Elle m’a supplié de ne pas lui demander de partir,

car elle avait besoin d’être seule.

Dispute avec les parents,

ou premier chagrin d’amour ?

Je ne sais pas.

Mais il y avait ce besoin d’être seule.

 

On se donne beaucoup de peine

à créer des lieux de rencontre,

des occasions de contact :

fêtes en tous genres,

apéritifs,

moments de convivialité.

Et c’est très bien.

 

Seulement nous ne sommes pas

que des animaux sociaux.

Les interactions,

c’est important.

Mais de temps à autre se fait sentir

le besoin de retrouver le secret de notre être.

Là où le Père est là qui nous voit,

qui nous écoute,

qui nous parle.

Non pas la solitude, l’isolement.

Mais l’intimité.

Le recueillement.

 

Être à l’abri des regards

et de toutes les sollicitations de la société.

Un lieu préservé

où l’on peut retrouver

qui l’on est vraiment en profondeur,

dans une relation vivante au Père.

 

Il n’est pas mauvais

de se rappeler

que c’est là la première raison d’être

de ce Temple.

 

Amen

 

Henri Beauclair, parlant de son projet, dit également :

Tout de suite vint l’idée de murs périphériques élevés, s’évasant vers le haut,

formant comme une pyramide inversée dont la pointe serait située sous l’assemblée des fidèles.

Ceux-ci seraient donc rassemblés au centre d’un espace pyramidal dont ils ne percevraient pas les limites,

suggérant les deux infinis de Pascal, qui voyait l’être humain perdu entre l’infiniment grand et l’infiniment petit.

A l’entrée dans l’église, il est important que l’on soit frappé par un contraste très lumineux.

Il sera obtenu par la réflexion sur les murs, inclinés et enduits blancs,

de la lumière provenant de la verrière périphérique que l’on n’aperçoit pas.

 

Lettre aux Philippiens, chapitre deux, versets cinq à onze :

« Comportez-vous entre vous comme on le fait quand on connaît Jésus-Christ : 

Il possédait depuis toujours la condition divine, mais il n'a pas voulu demeurer de force l'égal de Dieu. 

Au contraire, il a de lui-même renoncé à tout ce qu'il avait et il a pris la condition de serviteur.

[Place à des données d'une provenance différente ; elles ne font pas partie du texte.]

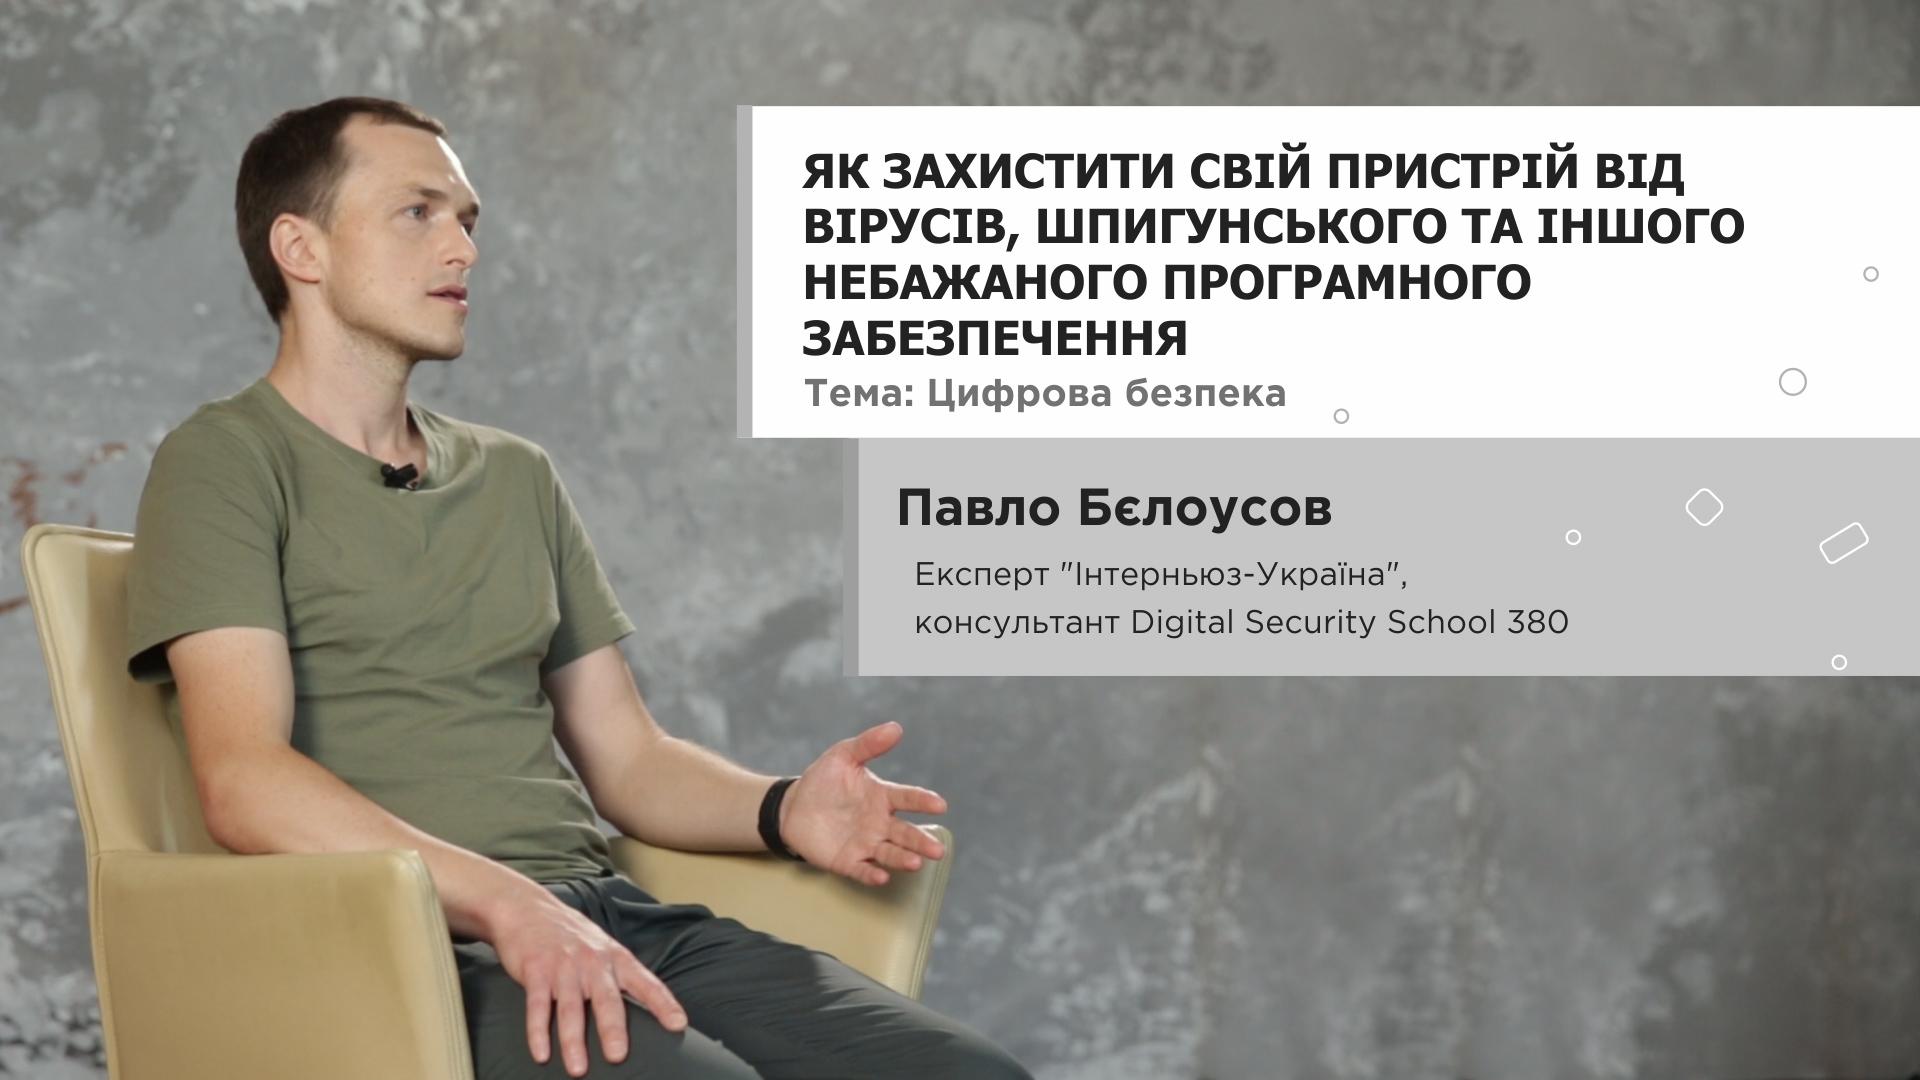 Цифрова безпека: Як захистити свій пристрій від вірусів, шпигунського та іншого небажаного програмного забезпечення?

Il est devenu homme parmi les hommes, il a été reconnu comme homme ;

il a choisi de vivre dans l'humilité et s'est montré obéissant jusqu'à la mort, la mort sur une croix. 

C'est pourquoi Dieu l'a élevé à la plus haute place et lui a donné le nom supérieur à tout autre nom. 

Il a voulu que, pour honorer le nom de Jésus, tous les êtres, dans les cieux, sur la terre et sous la terre,

se mettent à genoux, et que tous proclament, à la gloire de Dieu le Père :

« Jésus-Christ est le Seigneur ! » 

 

« Une pyramide inversée » !

 

La relation à Dieu est souvent associée à la montagne

qui est en fait une pyramide naturelle

Avec une base très large

qui se réduit à mesure que l’on monte

jusqu’au sommet.

Comme une invitation à s’élever,

à quitter les vains bruits de la plaine,

pour se rapprocher de ce lieu

où il ne reste que le ciel,

et où le Très-Haut vient à notre rencontre.

 

C’est Moïse au Mont Sinaï.

Élie au Carmel et à l’Horeb.

La pyramide comme une invitation

à tourner son regard vers le haut,

et à faire un effort

pour ne pas suivre sa pente,

mais se hisser à la hauteur de Dieu.

 

À Fontenay, la pyramide est inversée.

Non pas l’homme qui monte

pour essayer de rejoindre Dieu.

Mais le Très-Haut qui descend

pour se faire le Très-Bas.

 

Monsieur Beauclair le dit :

le temple n’est qu’un segment de cette pyramide.

 

C’est assez évident :

une pyramide inversée,

ce n’est pas facile à construire

dans son entier.

Imaginez :

tout un bâtiment

qui ne reposerait

que sur un seul point !

 

Mais les raisons pratiques

ne sont pas les principales.

L’infini de Dieu ne saurait se réduire à ce plafond

encore bien près de nos têtes.

D’ailleurs, même le ciel qui se déploie au-dessus du toit,

si vaste, si haut,

n’effleure pas, lui non plus, la grandeur de Dieu.

 

Mais ce n’est pas que vers le haut

que la pyramide se poursuit au-delà de ce temple.

C’est aussi vers le bas.

Au-dessous de nous,

il y a ce point qui nous rappelle que,

pour rencontrer ce Dieu

qui s’est fait serviteur en Jésus-Christ,

il ne faut pas se pousser du col

et jouer au petit roitelet :

s’enfler de connaissances,

de compétences,

de vertus.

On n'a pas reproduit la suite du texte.